Math Camp (gr 6-8) 2011 August 31, 2011

What a great group of participants we had at yesterday’s gr 6-8 math camp! I was delighted with all of the group sharing that we were able to facilitate — there is always so much that teachers can learn from each other.

The workshop yesterday focused on several things: mental math, integers, fractions, and algebra. These areas, I believe, are important for students to master if they are to be successful in subsequent levels of mathematics.

Mental math is a skill which is only developed if practiced, and we discussed some particularly useful strategies that might be incorporated into regular practice sessions.
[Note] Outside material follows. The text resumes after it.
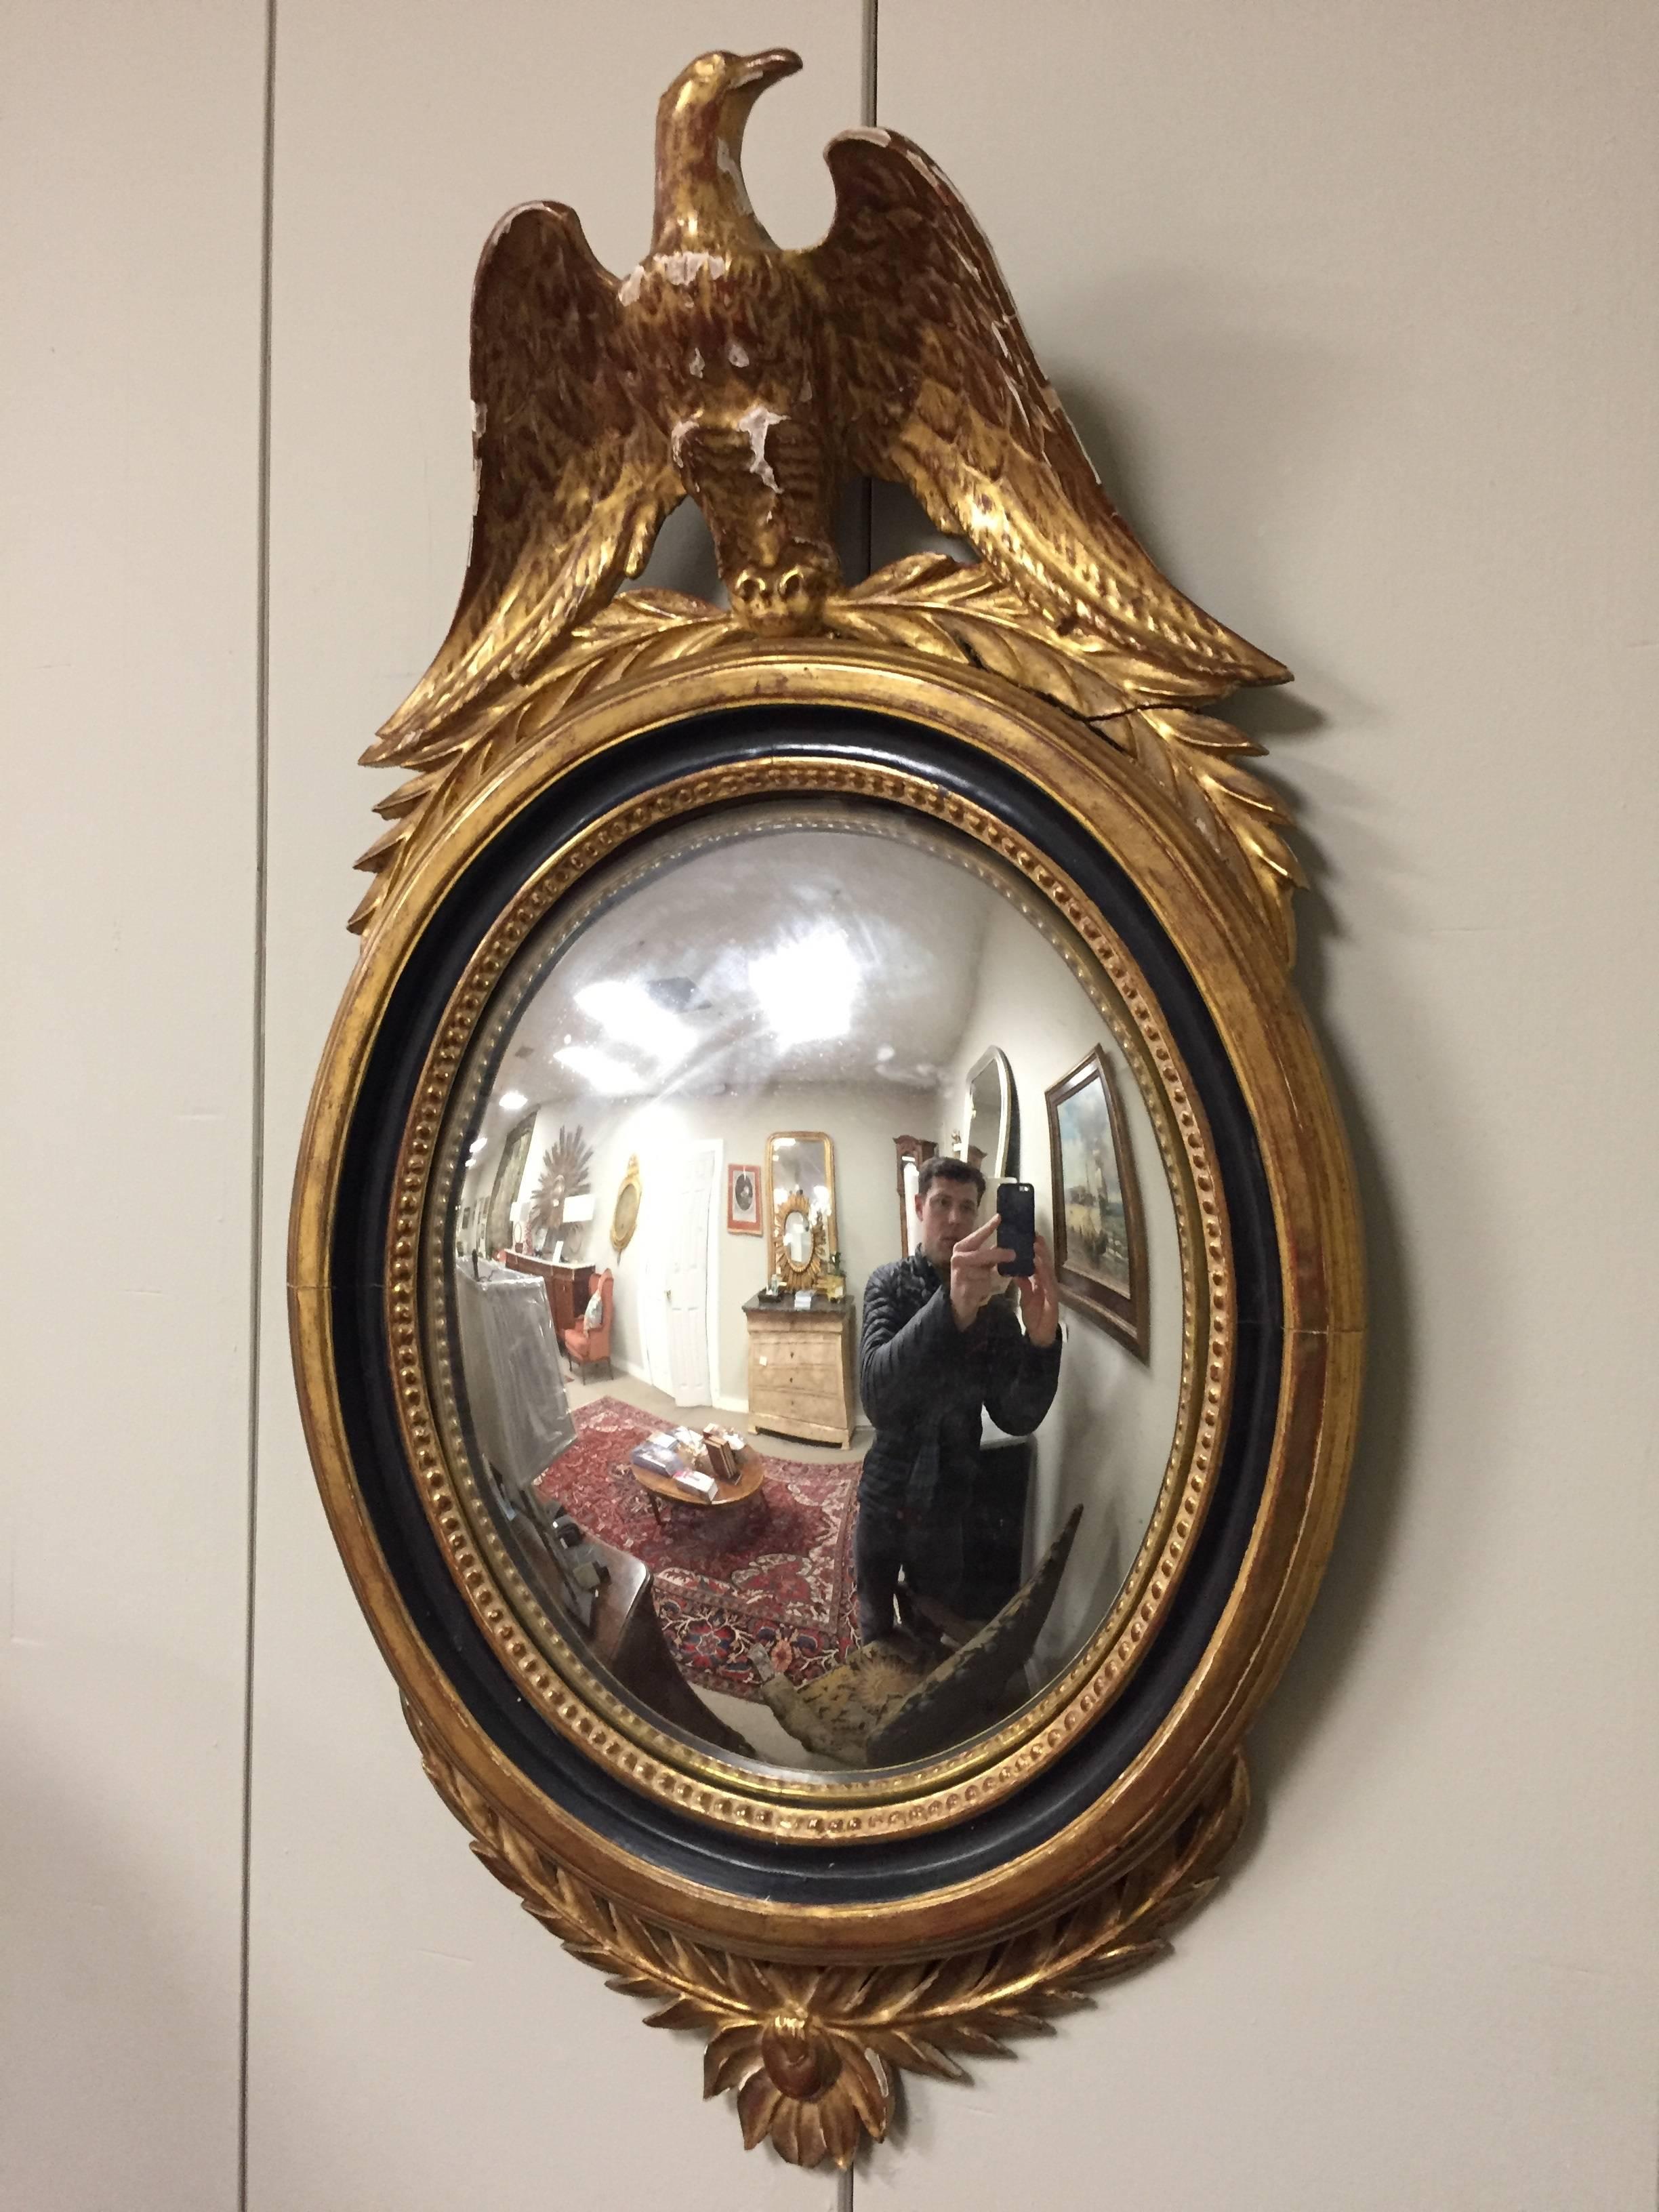 Late 19th or very early 20th century Regency carved and ebonized giltwood bullseye mirror. The convex mirror framed in a spectacular ebony and gilt decorated frame with a lower carving leading to an interior ebony frame. The top adorning a eagle

First, mental math begins with basic facts! From there we can have students practice thins such as these:

  • adding multiples of tens (MOT’s) (20 + 50)
  • subtracting single digits from MOT’s (50 – 8 )
  • adding single digits to non-MOT’s (39 + 6)
  • adding to get 100 or – from 100
  • adding any two-digit #’s (47 + 39)
  • doubling numbers
  • halving numbers
  • multiplying by 10, 100
  • dividing by 10, 100
  • multiplying by 20 (by doubling and then multiplying by 10)
  • multiplying by breaking up numbers (using “nice” numbers)

Response boards are a great way to do immediate full-class assessment during mental math practice.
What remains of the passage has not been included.